北畑氏:「この問題は『生活保護バッシング』と同根です。
不正使用で社会保険制度に『ただ乗り』している件数よりも、むしろ、社会保険料を払えないほどの貧困状態にある人や、経営状態が悪化している事業者のほうがはるかに多いことが想定されます。そのような実態にこそ目を向けるべきです」
この点について、東京商工リサーチの調査によると、2024年1月~10月の「税金滞納(社会保険料含む)」を一因とする倒産は155件(前年同期比121.4%増)に達している。その背景として、社会保険料の取り立て・差押えが厳しいことが指摘されている。
これらのデータからは、社会保険料の支払いに窮している人・事業者が多いことがうかがわれる。

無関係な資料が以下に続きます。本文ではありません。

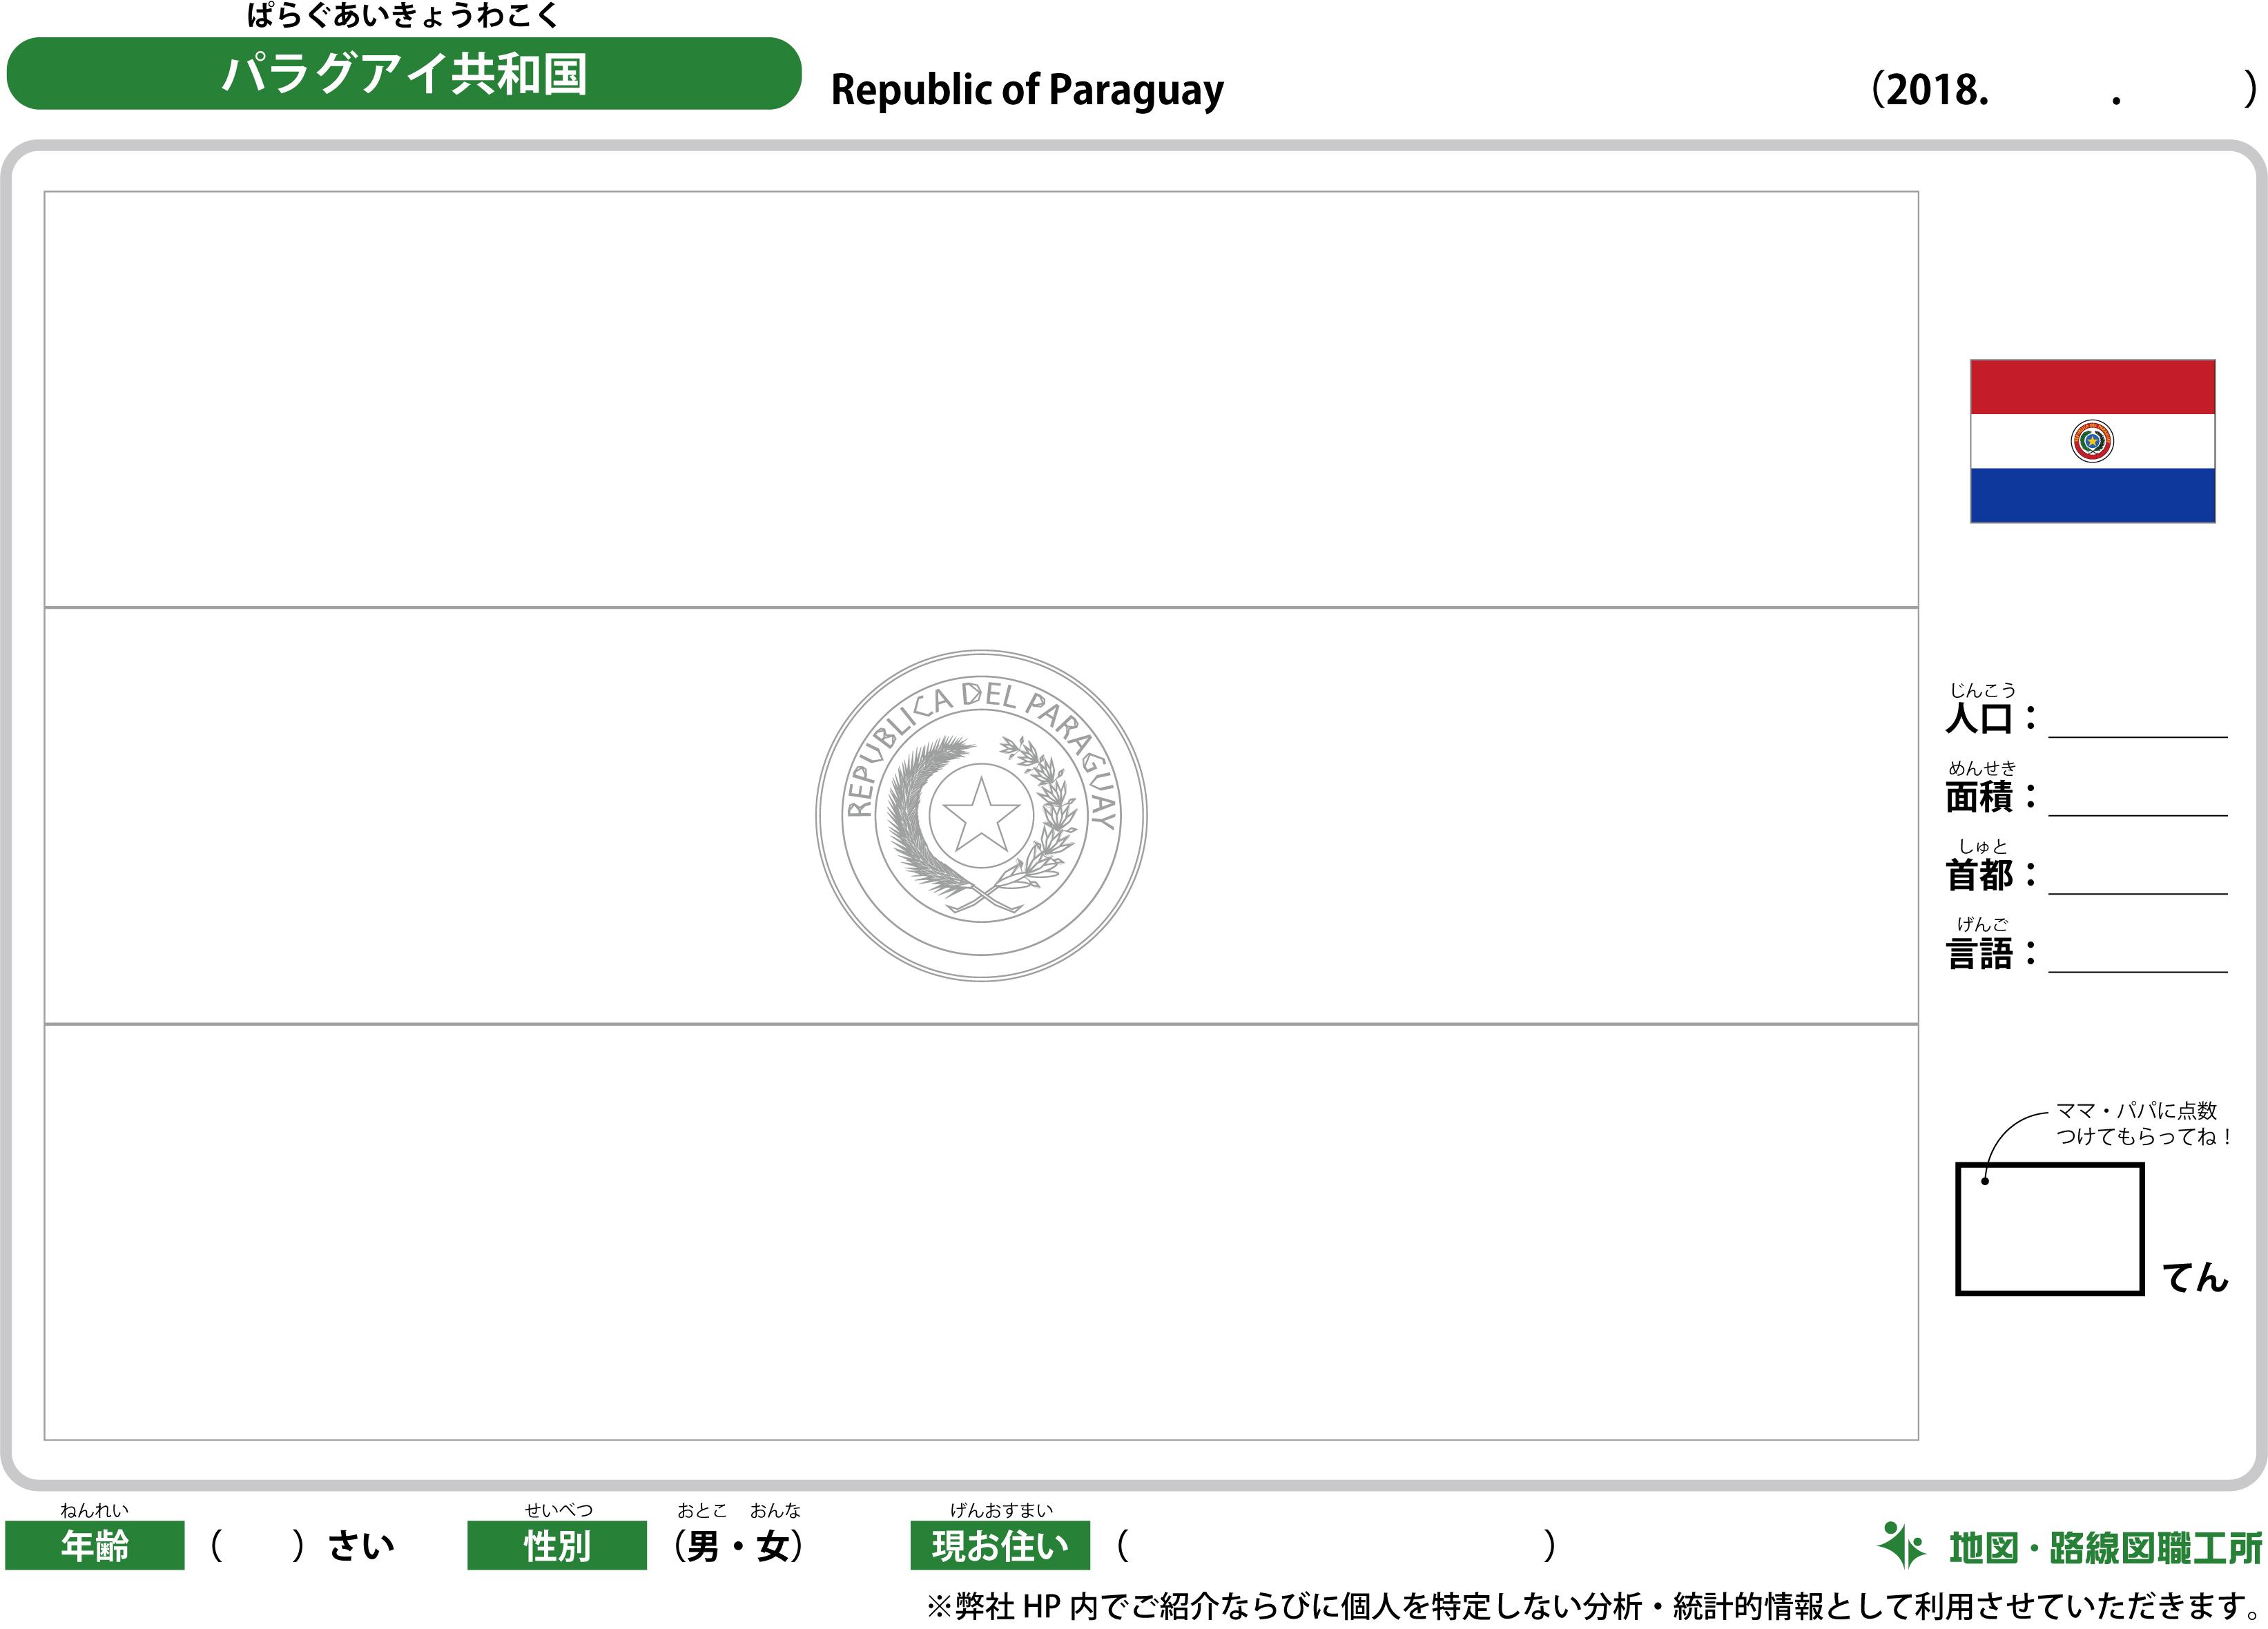 パラグアイ共和国
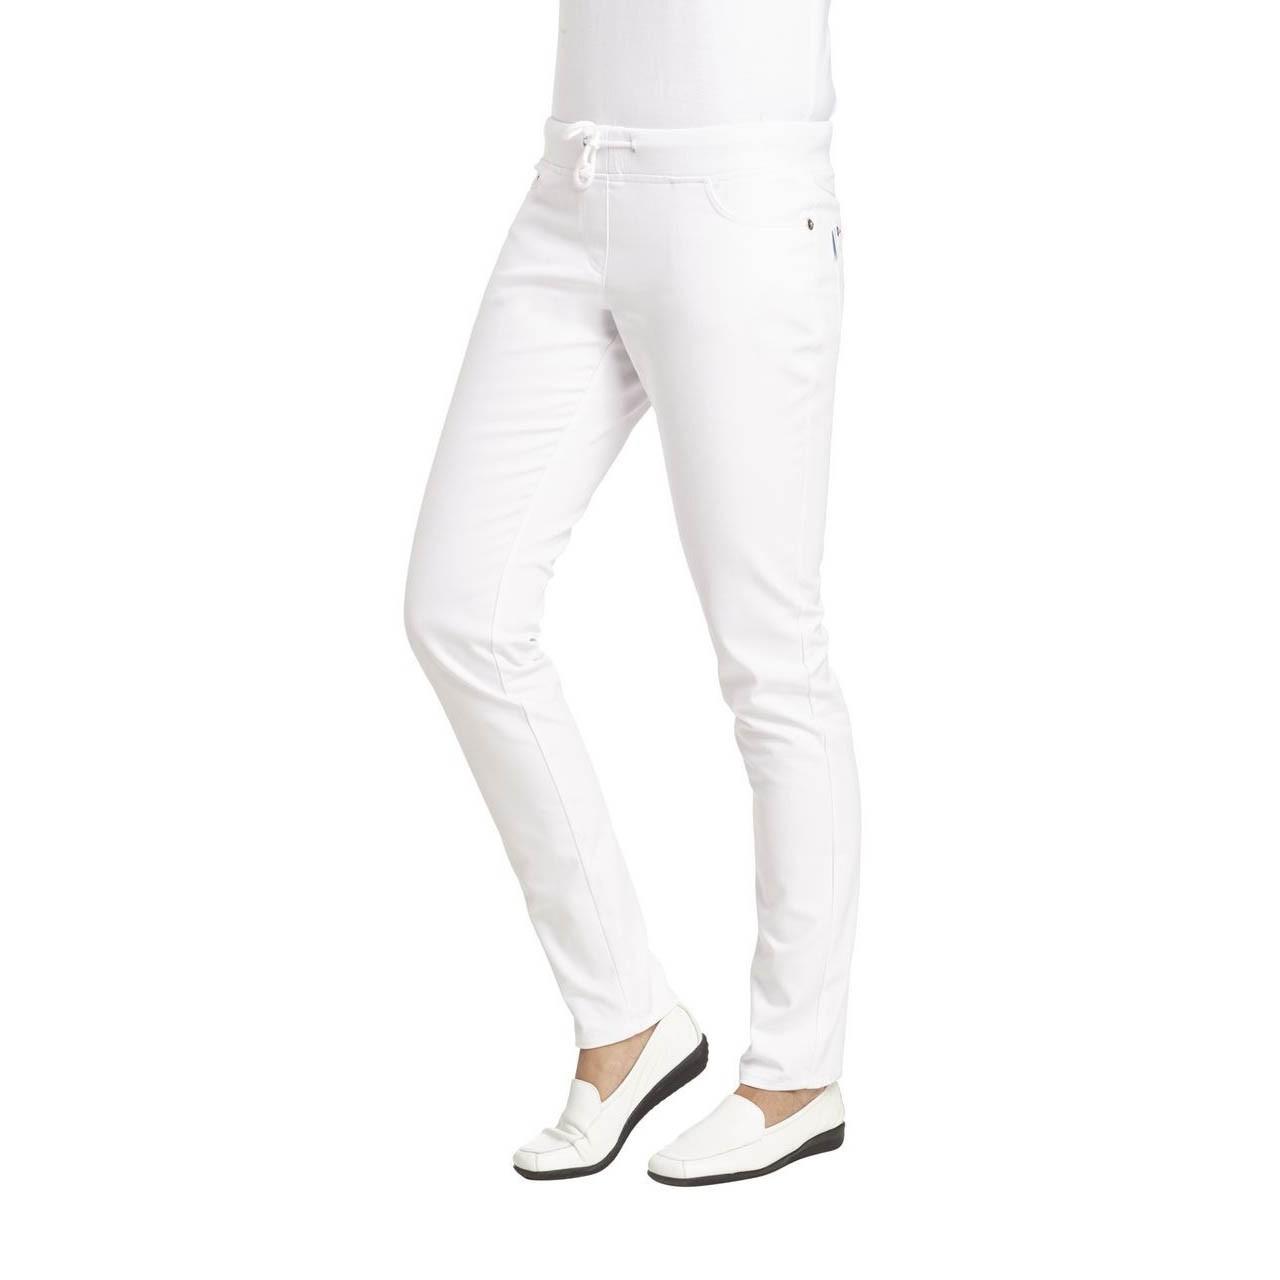 ce28ff02a29ecc Slim-Style Damenhose in Jeansform mit Bündchen von Leiber | BBF24 - Shop

効果が乏しい「健康保険証の不正使用へのペナルティー」
北畑氏は、不正が発覚した場合の「ペナルティー」の意義や効果も乏しいと指摘する。
所得がなくて、差し押さえるものすらない人が『なりすまし』等をして他人の健康保険証を不正使用する可能性はゼロではないでしょう。しかし、そういった人々を厳しく取り締まってペナルティーを課すことにどんな意味があるでしょうか。
保険料を取り立てようがありません。逮捕して刑務所等に収容したらこれまたコストがかかるという話もできてしまいます。
不正利用の防止に無尽蔵にリソースを割いていけば、結果的に医療費に跳ね返ってきます。社会保険制度の『コスト』の話をするならば、その程度の思考実験はした方がいいのではないかと考えます。マイナ保険証においてはすでに『医療DX推進体制整備加算(※)』という制度が作り出され、私たちの医療費に跳ね返るということも起きています」
※医療機関でのマイナ保険証の利用率等に応じて診療報酬・調剤報酬に加算をするしくみ
すでに「回収がきわめて困難なコスト」が生じている
次に、よくみられる意見として、マイナ保険証により「デジタル化」が進み、長期的にはコスト削減が期待できるというものがある。すなわち、「導入の際に多額の初期費用がかかることはやむを得ない」「長い目で見れば現行の健康保険証を残すほうがコストが大きい」というものである。
しかし、北畑氏は、そこには大きな誤解があると指摘する。
北畑氏:「民間企業で大きなプロジェクトを行う場合、投下資本を何年で回収できるかという『損益分岐点』を算出し、経営計画書等を提出し稟議を通す必要があります。しかし、マイナ保険証についてはそのような計算が行われていません。
厚生労働省は、2023年8月の『社会保障審議会医療保険部会』で、保険証を発行しないことで年間76億円程度(マイナ保険証登録者52%と想定)~108億円程度(同70%と想定)の『コスト削減』になるとの試算を示しました。しかし、これは保険証の発行コストの削減のみです。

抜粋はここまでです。